One of the first differentiators you’ll notice is the denier rating of various fabrics. A higher denier rating indicates thicker material, which you may or may not find desirable. Manufacturers also use different methods of shell waterproofing. Gore-Tex is the most well-known (and for good reason), but other proprietary treatments like Black Diamond’s BD.dry, Patagonia’s H2No, and The North Face’s Futurelight also exist. Your needs will determine which is best for you; a winter hiking jacket for Colorado and a spring hiking jacket in the Pacific Northwest are very different things, after all. Something as simple as color may affect your buying decision. Do you want to stand out on the slopes or blend into the forest? That’s up to you. 

Fit

Just like any other piece of clothing, hardshell jackets fit different body types, well, differently. Fortunately, outer layers tend to be pretty forgiving because they’re intended to be worn over at least one other layer with a loose fit. Other considerations include hoods that can fit over a helmet and pockets that are high enough to access over your pack’s hip belt. Active lifestyles also require jackets that stretch and bend with you rather than binding up and holding you back.

Weight

If you’re in a region that has variable weather, you’ll likely be moving your hardshell jacket from your body to your pack and back again pretty regularly. The less you wear it, the more you’ll care about weight. Backcountry jackets that spend a lot of time riding shotgun in your pack should be light and compact. The ones that you need to wear all the time can afford to be a little more robust.

FAQs about hardshell jackets

Q: Do hardshell jackets keep you warm?

A: Hardshell jackets protect against wind and rain, which will help you stay warm, but they don’t have insulation. Your hardshell jacket should be large enough to fit over an appropriately insulated mid layer so you can add and remove layers throughout the day as necessary. 

Q: What’s the difference between hardshell and softshell jackets?

A: Think of hardshell jackets as an evolution of the rain jacket. Softshell rain jackets might use two layers of material to create a waterproof barrier, but they aren’t very durable. Hardshell jackets usually use three layers of material and are built to take more physical abuse. If you’re just going to be running from the car to work in the rain, save some money and get a lightweight softshell jacket. If you’re going to be breaking trail in the mountains, you need a hardshell jacket. 

Q: Are hardshell jackets windproof?

A: Yes, hardshell jackets are windproof and waterproof. They also hold up well against pokes and scrapes.

Q: What is the most eco-friendly hardshell jacket?

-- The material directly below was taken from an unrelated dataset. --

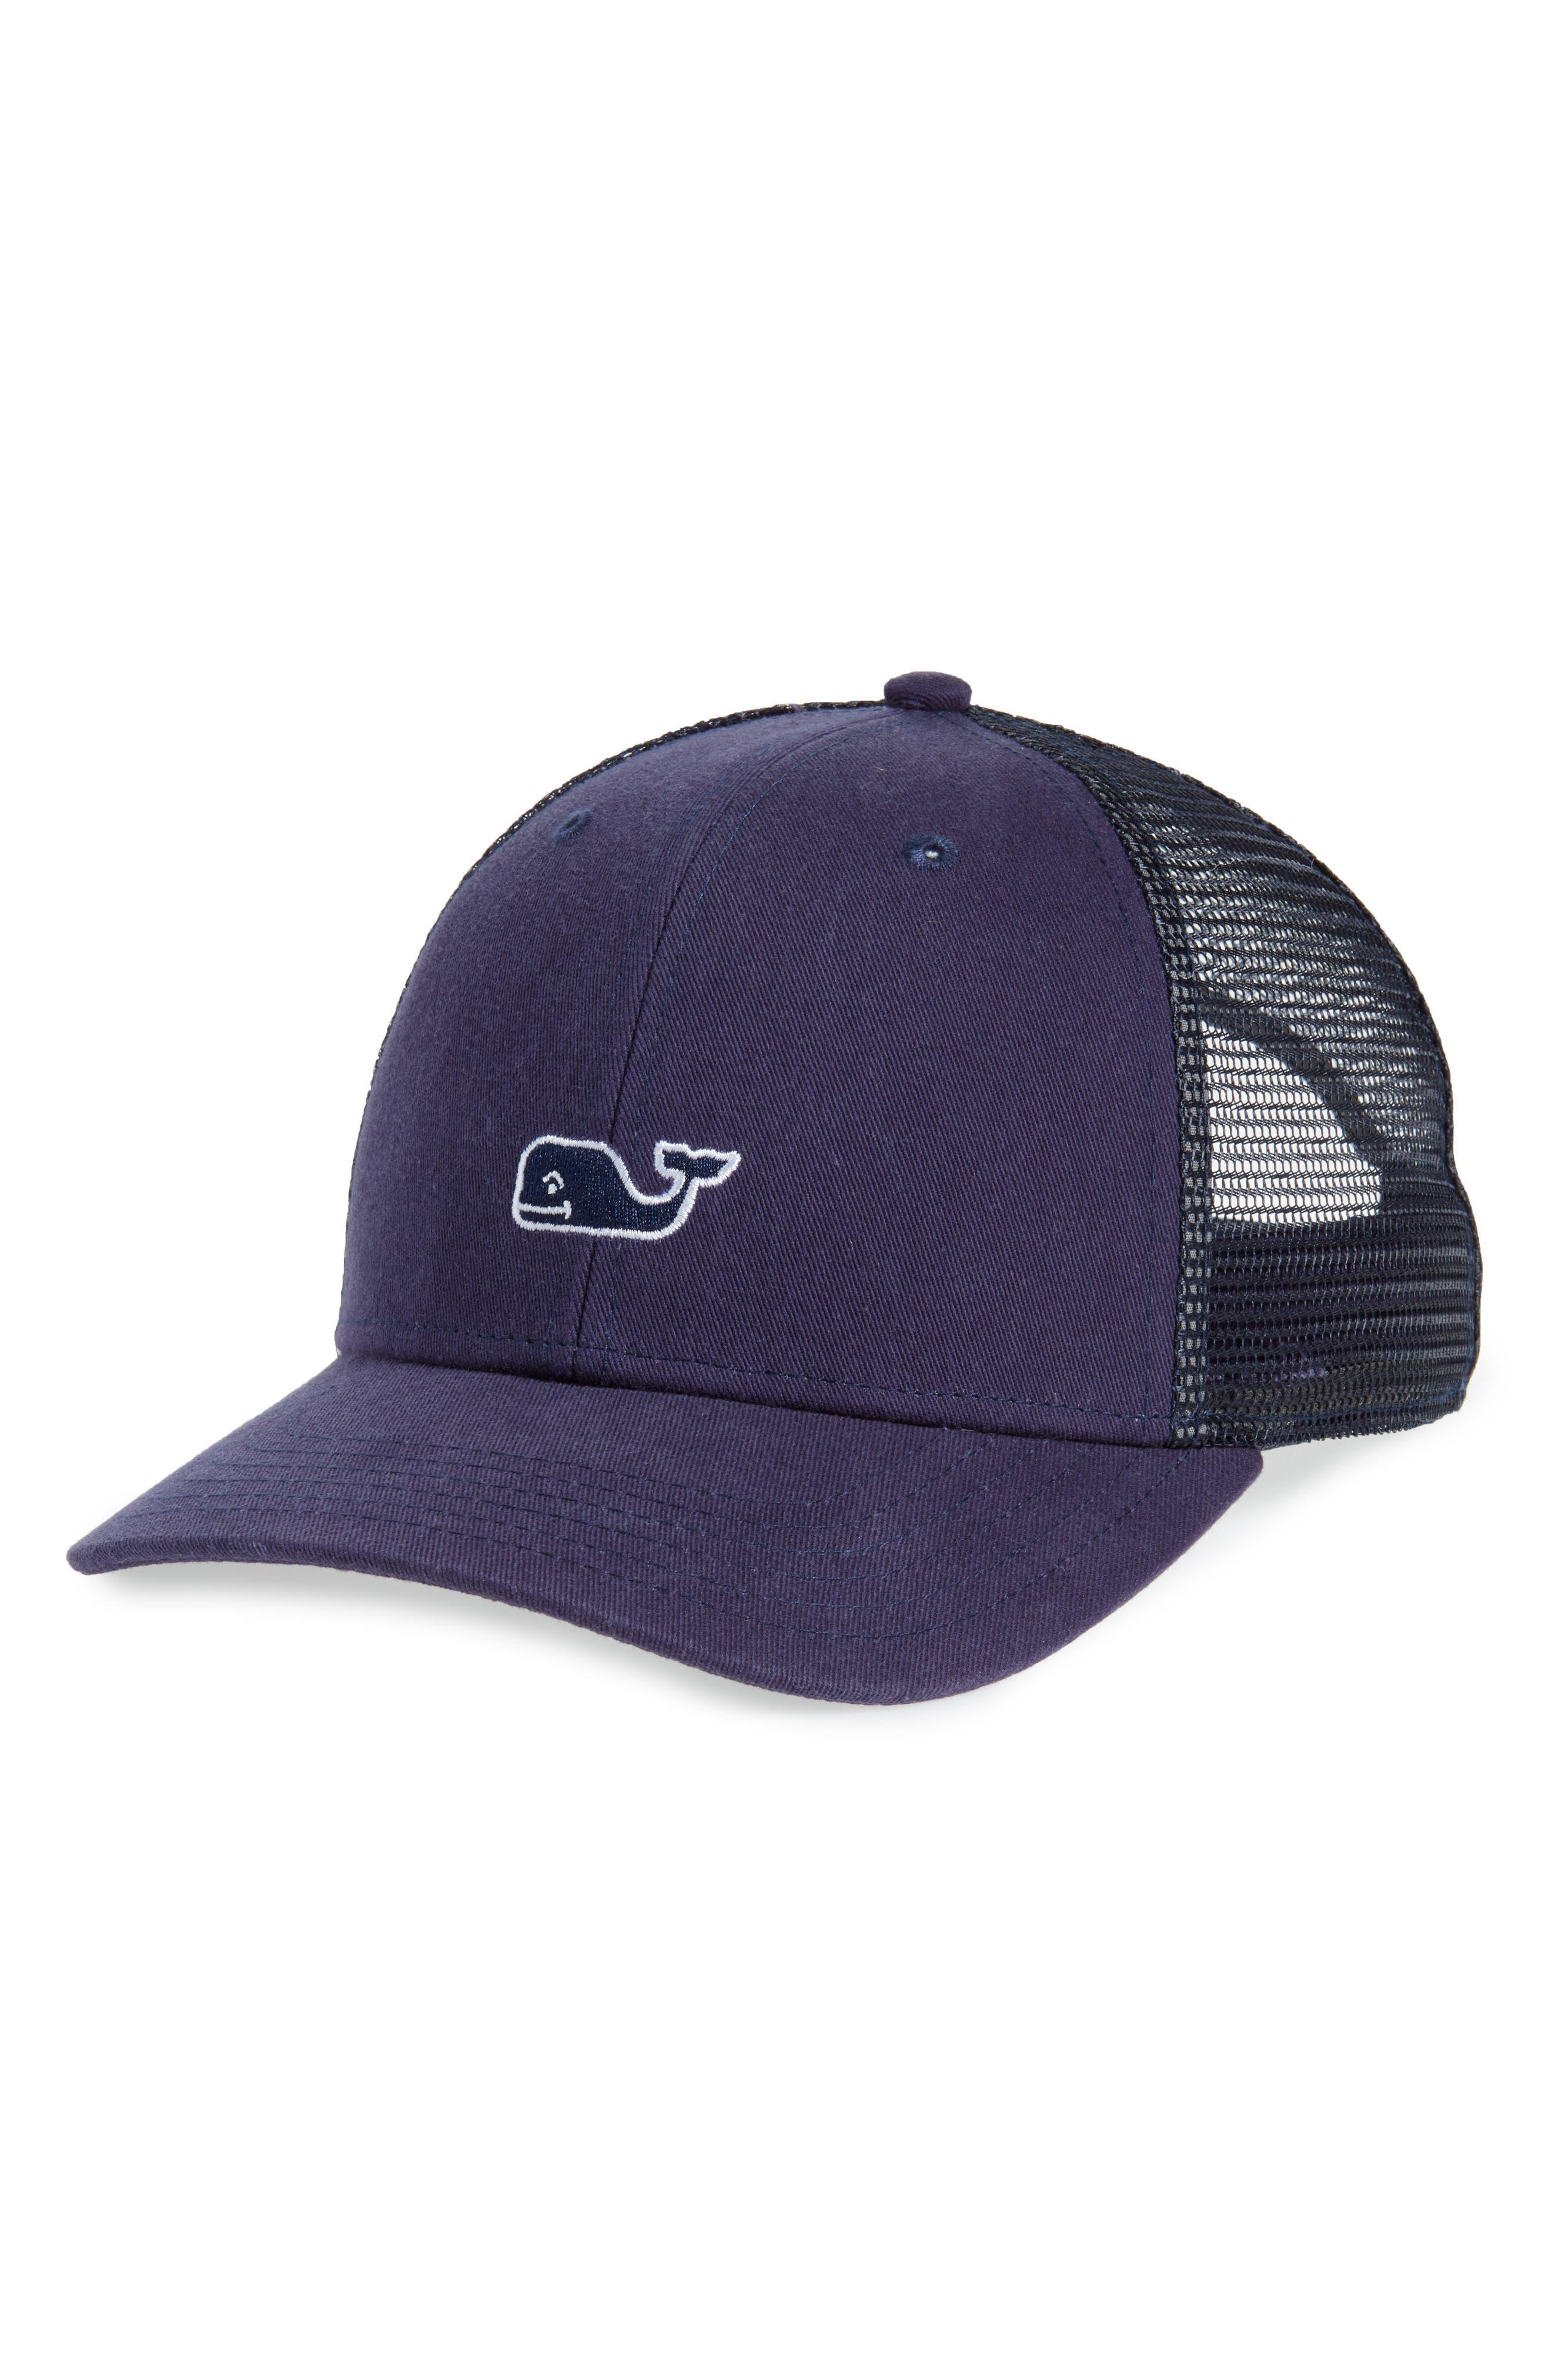 vineyard vines High Profile Trucker Hat

A: Making the best products for the environment isn’t always about sustainable materials and efficient manufacturing processes. One of the best things you can do is keep products out of the landfill. Patagonia is making that easier than ever by offering its already environmentally-friendly products available as used items that deserve a second lease on life. Check them out and save some money with the Worn Wear program.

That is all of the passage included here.